Proprietary file sharing between Apple devices

AirDrop is a file-sharing service in Apple's iOS, macOS, iPadOS and visionOS operating systems that operates over a wireless ad hoc network. Lightning to USB-C cable, can use wired AirDrop. AirDrop was introduced in Mac OS X Lion (10.7) and iOS 7, and can transfer files among supported Apple devices by means of close-range wireless communication. There is no limit on the size of files that can be transferred. This communication takes place over Apple Wireless Direct Link (AWDL) "Action Frames" and "Data Frames" using generated link-local IPv6 addresses instead of the Wi-Fi chip's fixed MAC address. In November 2025, Quick Share added limited AirDrop support in Android, starting with Pixel 10 phones.

Prior to OS X Yosemite (10.10), and under OS X Lion, Mountain Lion, and Mavericks (10.7–10.9, respectively) the AirDrop protocol in macOS was different from the AirDrop protocol of iOS, and the two were therefore not interoperable. OS X Yosemite and later support the iOS AirDrop protocol on Macs released in 2012 and later, which is used for transfers between a Mac and an iOS device, as well as between Macs, which use both Wi-Fi and Bluetooth. Legacy mode for the original AirDrop protocol (which only uses Wi-Fi), which was used by Macs introduced in 2011 or earlier (or Macs released after 2012 running an operating system earlier than Yosemite) was supported through macOS Mojave and removed in macOS Catalina.

==Routine==
===iOS===
On iOS 7 and later, AirDrop can be accessed by either tapping on Settings > General > AirDrop, or via the Control Center. Both Wi-Fi and Bluetooth are automatically switched on when AirDrop is enabled as they are both utilized. NFC can also be utilized to initiate a transfer in iOS 17 or later.
Options for controlling AirDrop discovery by other devices include:
- No one can see the device (AirDrop disabled)
- Only contacts can see the device
- Everyone can see the device for 10 minutes (required for Android support)
In iOS 16.2 or later, the Everyone option reverts to Contacts Only after 10 minutes.

If an application implements AirDrop support, it is available through the share button. AirDrop is subject to a number of restrictions on iOS, such as the inability to share music or videos from the native apps.

===macOS===
On Macs running OS X 10.7 and greater, AirDrop is available in the Finder window sidebar. On Macs running OS X 10.8.1 or later, it can also be accessed through the menu option Go → AirDrop or by pressing ++.

AirDrop must be selected in a Finder window sidebar to be able to transfer files. Furthermore, files are not automatically accepted, but instead give a prompt asking to receive or decline the file sent.

== System limitations ==
===Transfer between two iOS devices===
Running iOS 7 or later:
- iPhone 5 or newer
- iPod Touch (5th generation) or newer
- iPad (4th generation) or newer
- iPad Air: all models
- iPad Pro: all models
- iPad Mini: all models

AirDrop can be enabled unofficially on iPad (3rd generation) by jailbreaking the device and installing "AirDrop Enabler 7.0+" from Cydia. This procedure is not endorsed by Apple.
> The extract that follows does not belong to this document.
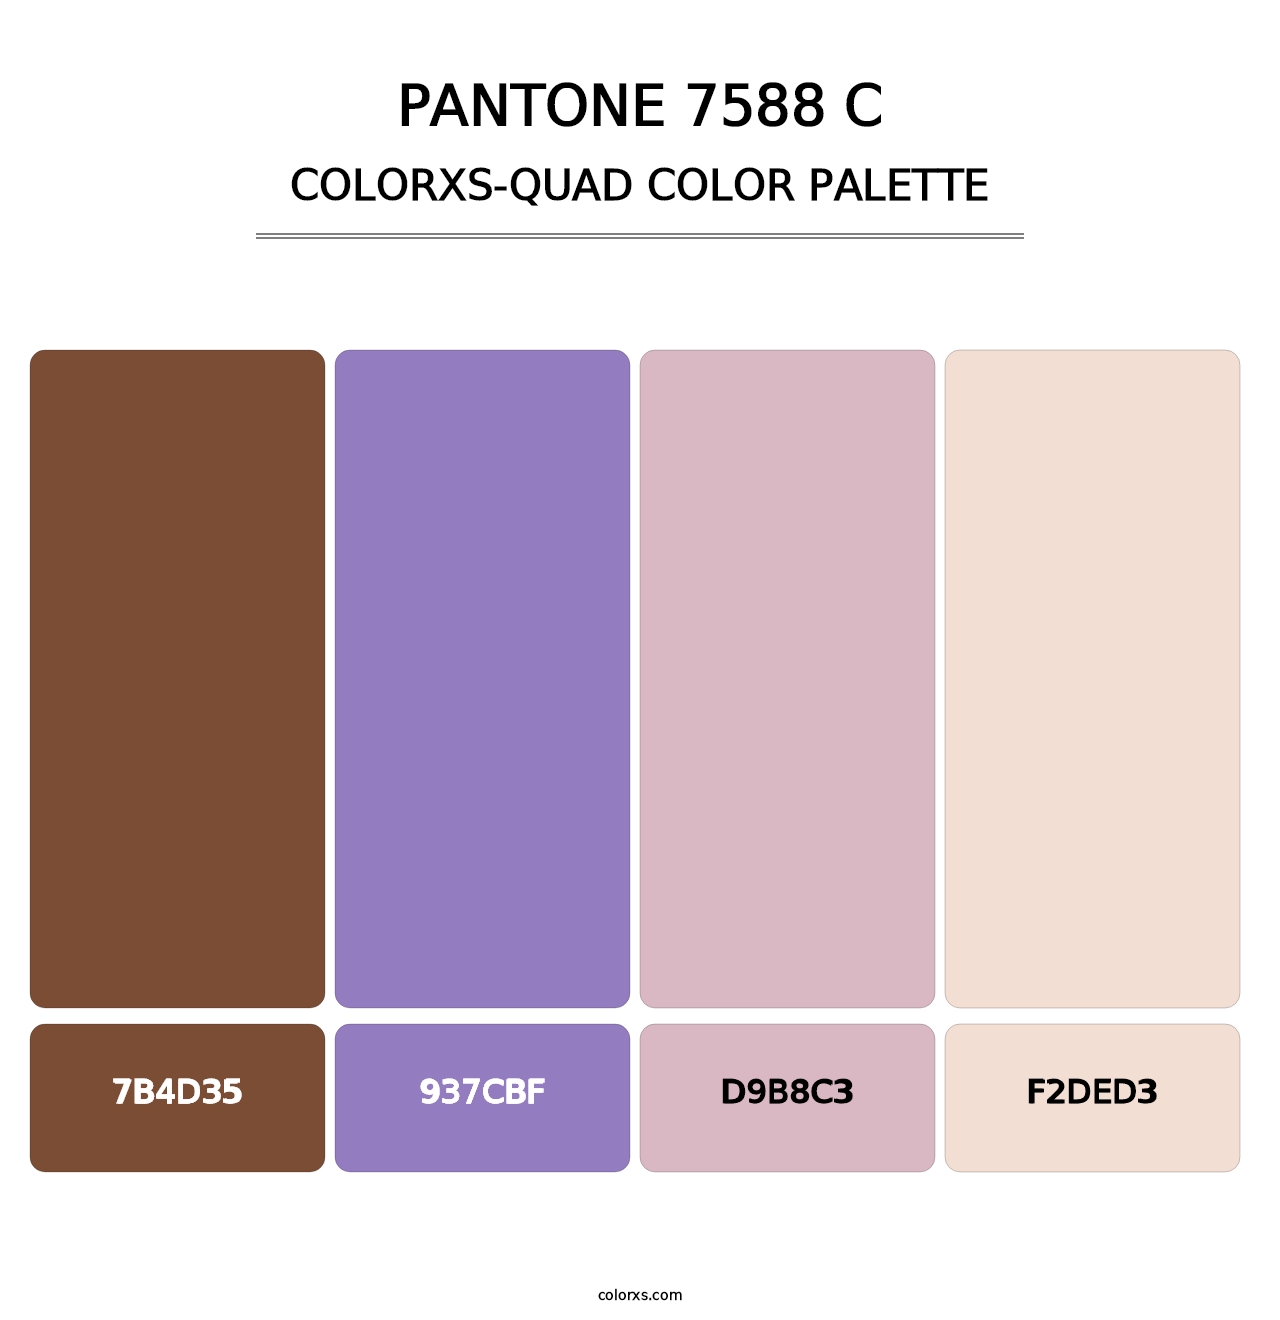 PANTONE 7588 C - Colorxs Quad Palette
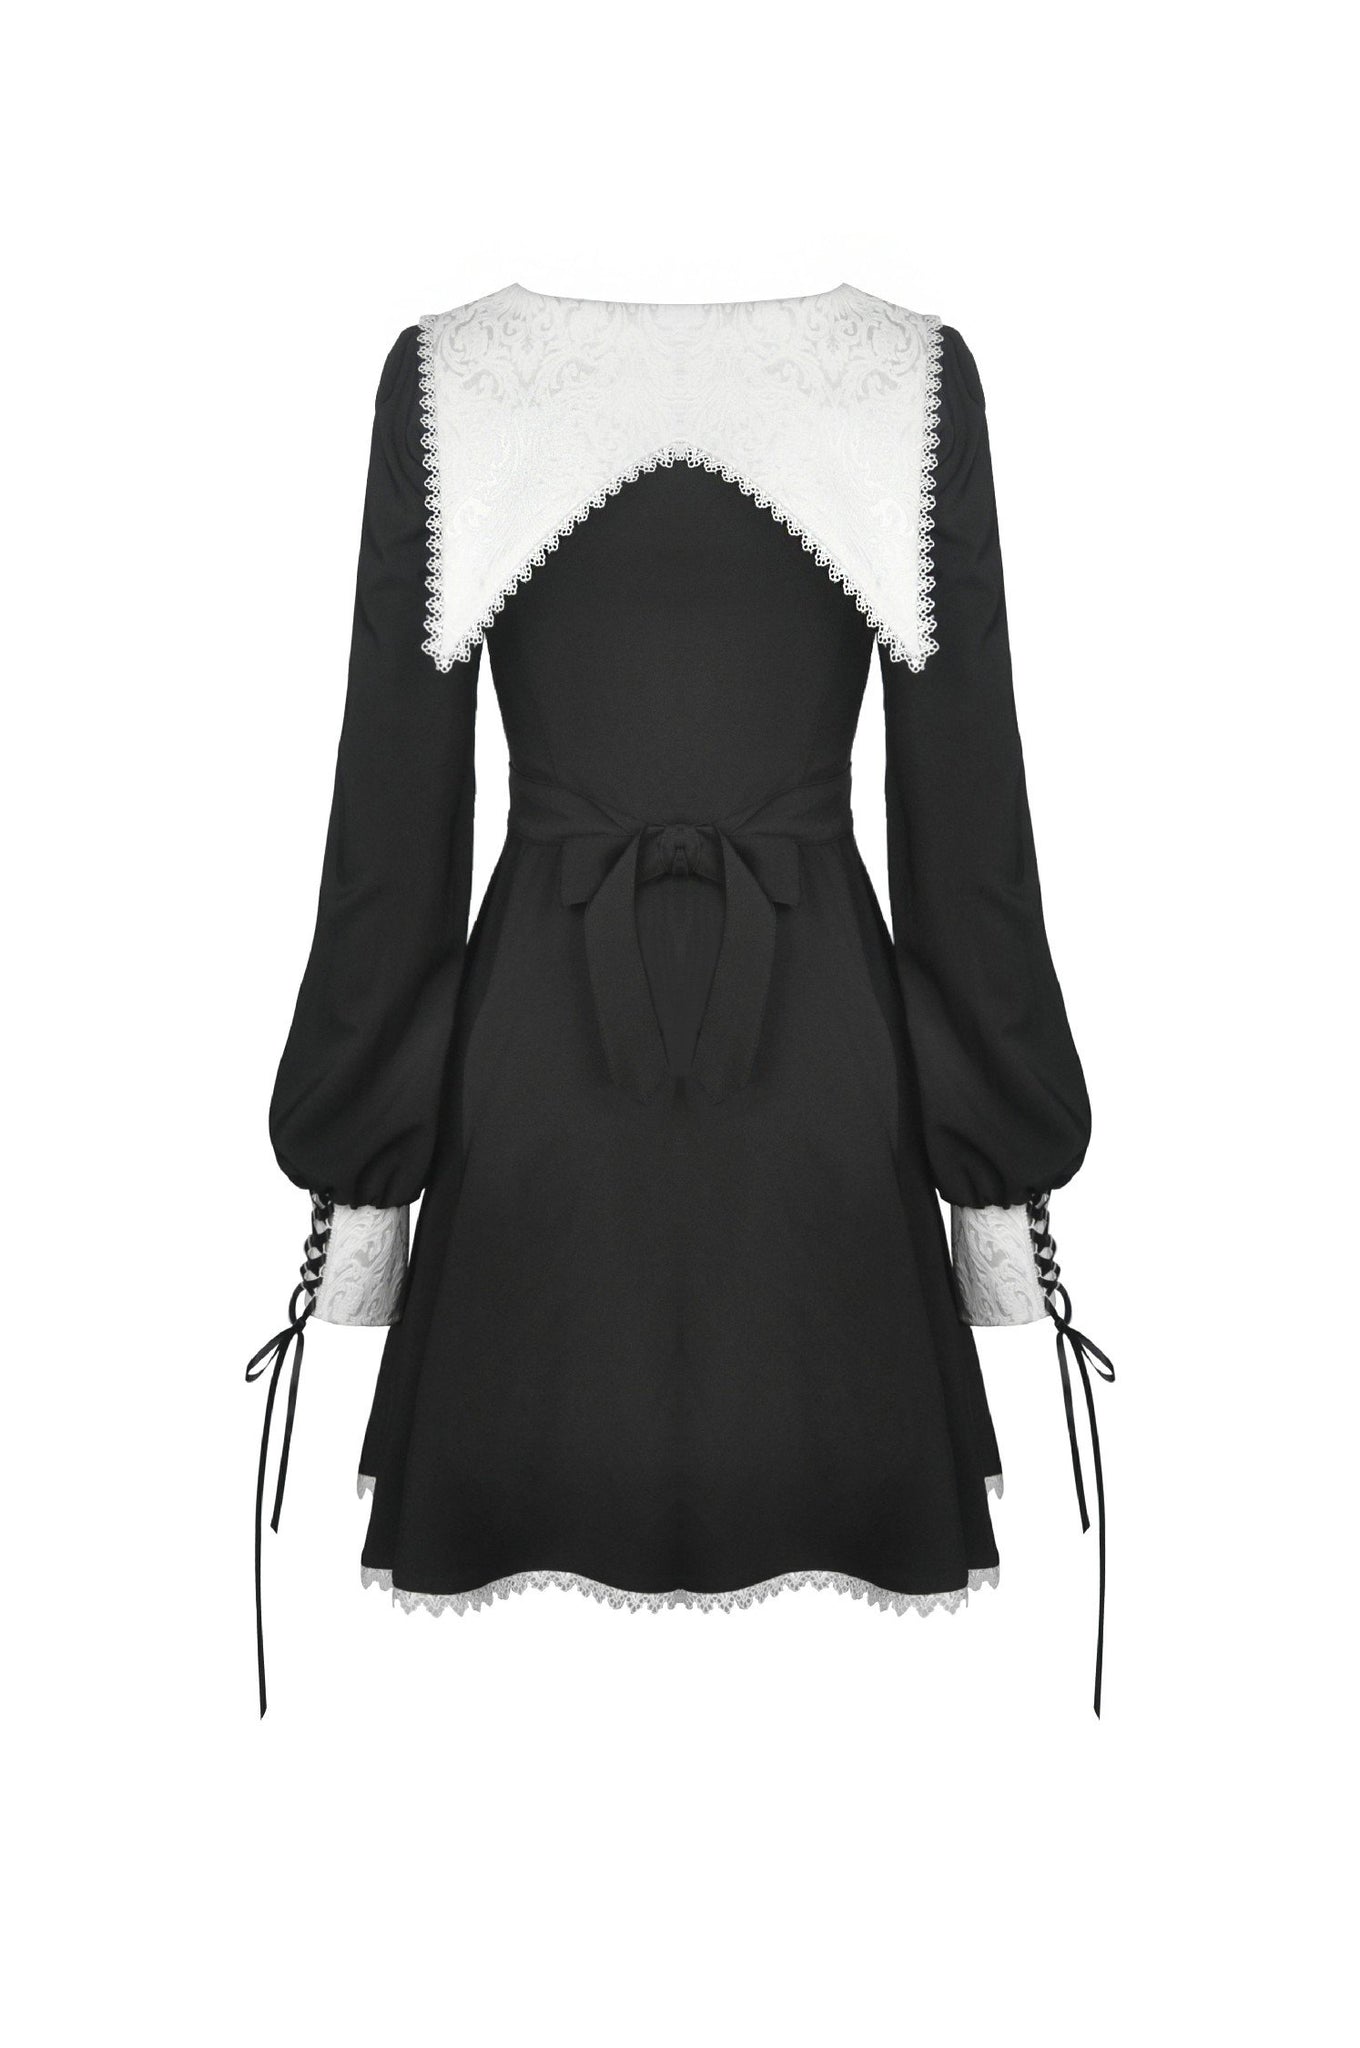 Gothic ghost white collar dress DW450 – DARK IN LOVE

===Transfer between two Mac computers===
Running OS X Yosemite (10.10) or later:
- MacBook Air: Mid 2012 or newer
- MacBook (Retina): all models
- MacBook Pro: Mid 2012 or newer
- MacBook Neo: all models
- iMac: Late 2012 or newer
- iMac Pro: all models
- Mac Mini: Late 2012 or newer
- Mac Pro: Late 2013 or newer
- Mac Studio: all models

===Transfer between a Mac and an iOS device===
To transfer files between a Mac and an iPhone, iPad or iPod touch, the following minimum requirements have to be met: All iOS devices with AirDrop are supported with iOS 8 or later:

Running OS X Yosemite (10.10) or later:
- MacBook Air: Mid 2012 or newer
- MacBook (Retina): all models
- MacBook Pro: Mid 2012 or newer
- MacBook Neo: all models
- iMac: Late 2012 or newer
- iMac Pro: all models
- Mac Mini: Late 2012 or newer
- Mac Pro: Late 2013 or newer
- Mac Studio: all models

Bluetooth and Wi-Fi have to be turned on for both Mac and iOS devices. (Both devices are not required to be connected to the same Wi-Fi network.)

===Transfer between an Apple device and select Androids===
In November 2025, Google implemented AirDrop support for Quick Share on Android, starting with the Pixel 10 series. When transferring files between an iPhone and an Android device, the iPhone must be running iOS 26 or later. On the Apple device, AirDrop must be set to “everyone for 10 minutes” mode. On Android, the Quick Share extension app is required to have compatibility with AirDrop. Other Android devices that currently support AirDrop include the Samsung Galaxy S26 series and the Oppo Find X9 series, with more devices to follow.

==Security and privacy==
AirDrop uses TLS encryption over a direct Apple-created peer-to-peer Wi-Fi connection for transferring files. The Wi-Fi radios of the source and target devices communicate directly without using an Internet connection or wireless access point.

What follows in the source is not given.